In a recent article in the journal Nature, Hülsmann et al. used data from 23 stem-mapped forest plots in the Smithsonian Forest Global Earth Observatory (ForestGEO) network to test whether increases in conspecific tree density reduce sapling survival rates more than comparable increases in heterospecific tree density¹¹. They call this difference ‘stabilizing CDD’, because more-negative effects from conspecifics than heterospecifics are theorized to stabilize population abundances and potentially allow species coexistence (all else being equal). They find that stabilizing CDD is present, on average, across the global array of forest plots they examined. They also find slightly greater average stabilizing CDD in tropical than temperate forests, but this relationship between average stabilizing CDD and latitude is by itself not significant. Such a finding appears to falsify the Janzen–Connell hypothesis. Perhaps local interactions mediated by relatively host-specific natural enemies have little to do with the latitudinal diversity gradient.

However, one of the most exciting findings from Hülsmann et al. comes from examining latitudinal patterns in stabilizing CDD for species at different abundances in their communities (that is, rare versus common species). They find that stabilizing CDD is significantly stronger in tropical than temperate forests for species at low to moderate abundances. Approximately two-thirds of tree species in their analysis had abundances at which significant latitudinal differences in stabilizing CDD were observed. Latitudinal differences in stabilizing CDD were especially pronounced for tree species at low abundances in forest communities. These findings support a reframing of the Janzen–Connell hypothesis, and raise the question of whether differences in stabilizing CDD for species at low to intermediate abundances could be enough for local interactions to contribute to the latitudinal diversity gradient. Some have suggested that as long as common species are held in check by some degree of stabilizing CDD, then stronger stabilizing CDD for species at low to moderate abundances in tropical forests should stabilize their populations and lead to their persistence over long periods of time^8,9,12. It may seem counterintuitive to think of natural enemies as stabilizing. But as host populations decline so do their host-specific enemies, which causes host populations to rebound and stabilize at relatively low to moderate abundances¹². This mechanism — if more pronounced in tropical forests — would enable the tropics to act as a ‘museum’ of plant species diversity, potentially preventing extinction for species at low to moderate abundances because their populations are stabilized by interactions with relatively host-specific natural enemies. Indeed, one of the notable differences between tropical and temperate forests is that tropical forests hold many more rare species, but similar numbers of common species.

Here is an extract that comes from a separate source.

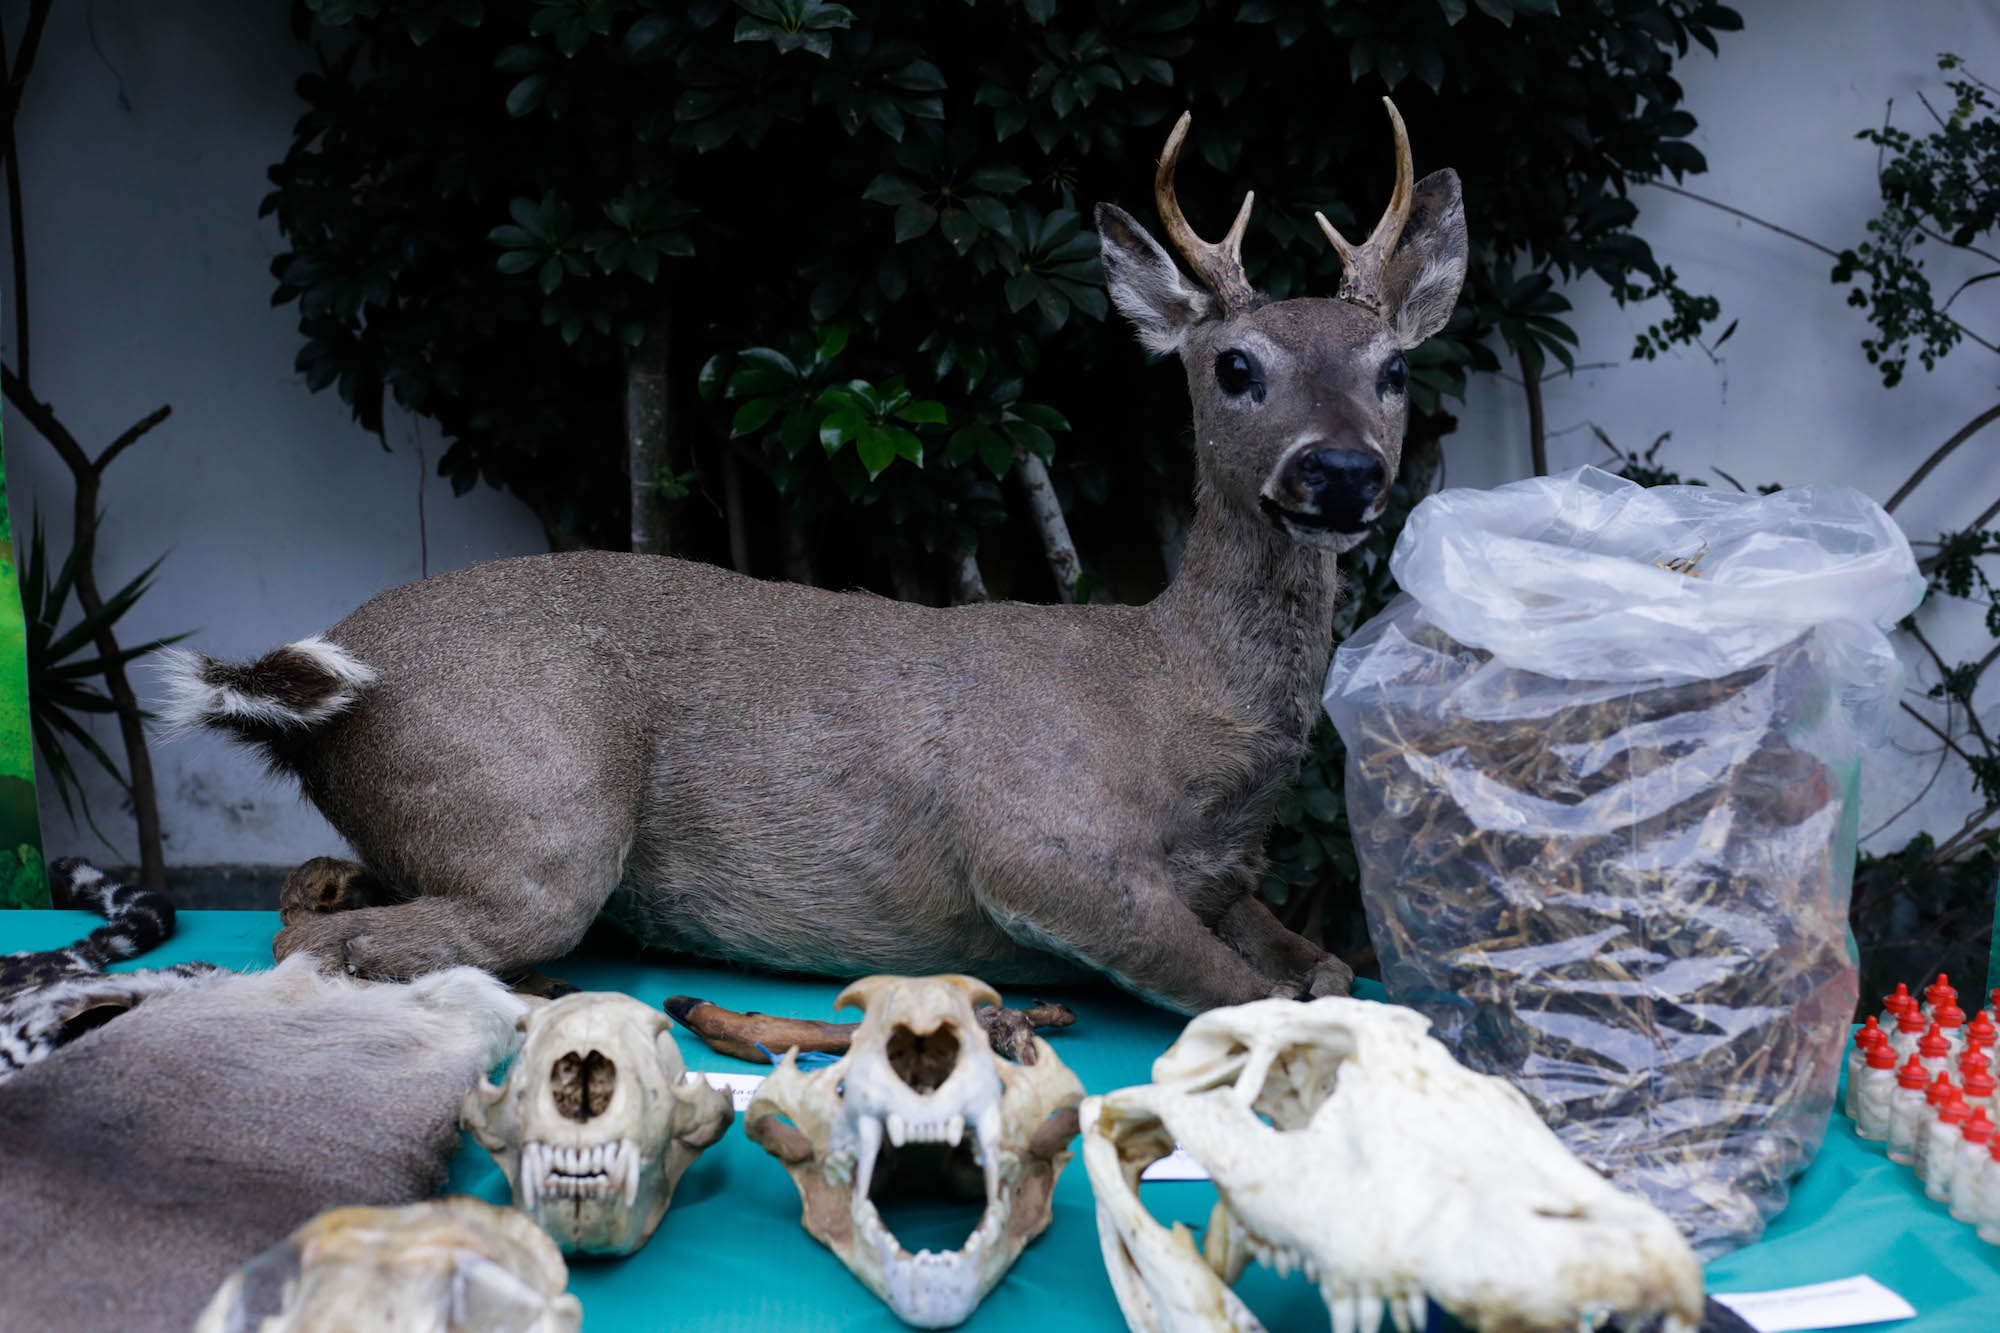 Las partes de animales silvestres son utilizados en rituales chamánicos. Foto: Serfor.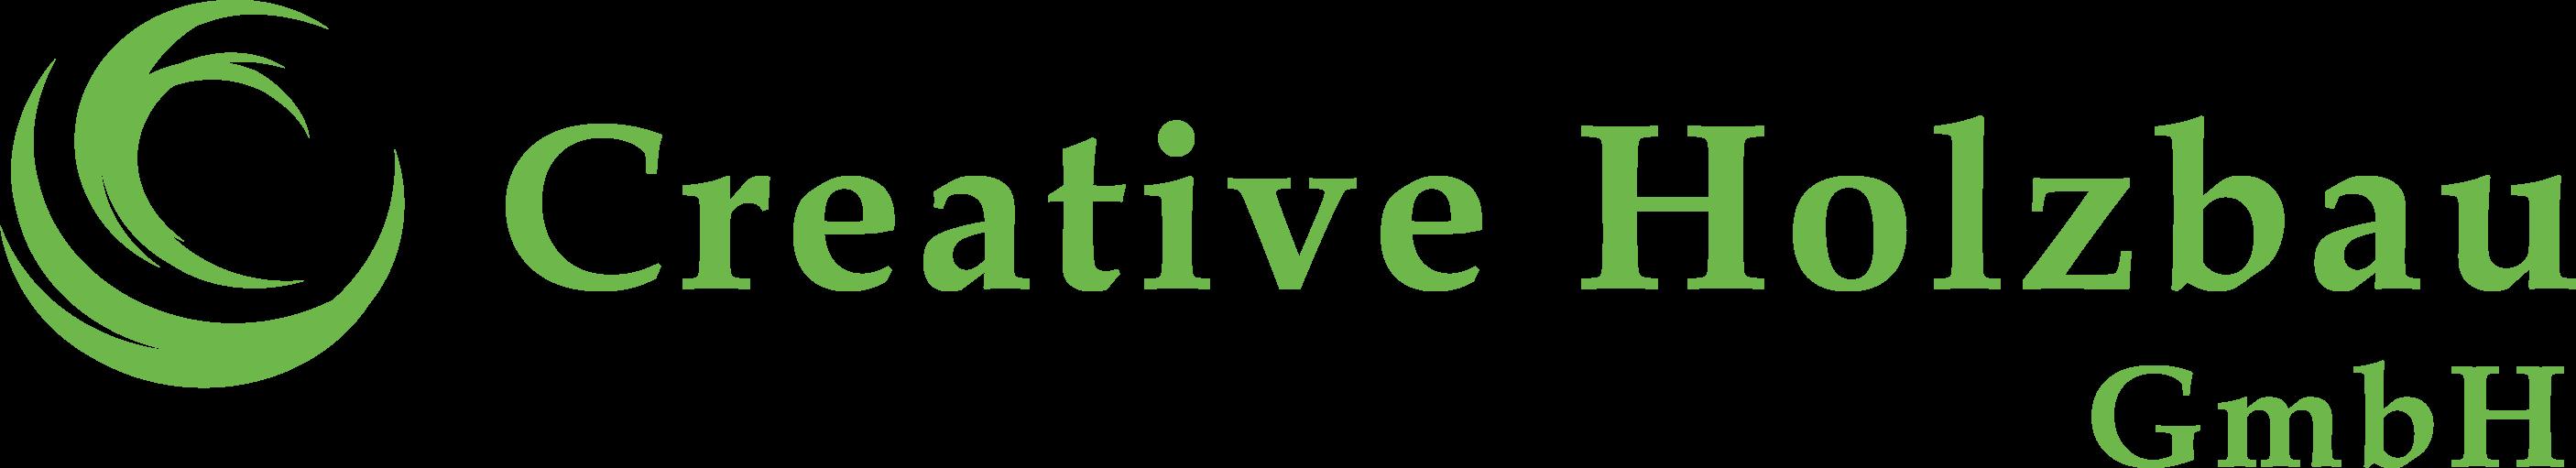 CreativeHolzbau

Hülsmann et al. tested for latitudinal differences in stabilizing CDD using data on sapling survival, but stabilizing CDD may also differ across tropical and temperate forests for other life stages. For example, if stabilizing CDD for seedling survival follows the same pattern as Hülsmann et al. observed for sapling survival (or exhibits a more pronounced latitudinal gradient), then the cumulative effect across both life stages might be an even stronger latitudinal gradient in stabilizing CDD. Such a finding would be consistent with strong spatial repulsion among conspecific adults in tropical forests and global differences in spatial repulsion of saplings from conspecific adults — patterns that reflect processes acting across multiple life stages, including seed germination and seedling establishment as well as seedling, sapling and adult survival^8,9,10. Global tests of stabilizing CDD at other life stages will enable more confident conclusions about the effect of local interactions on global diversity gradients.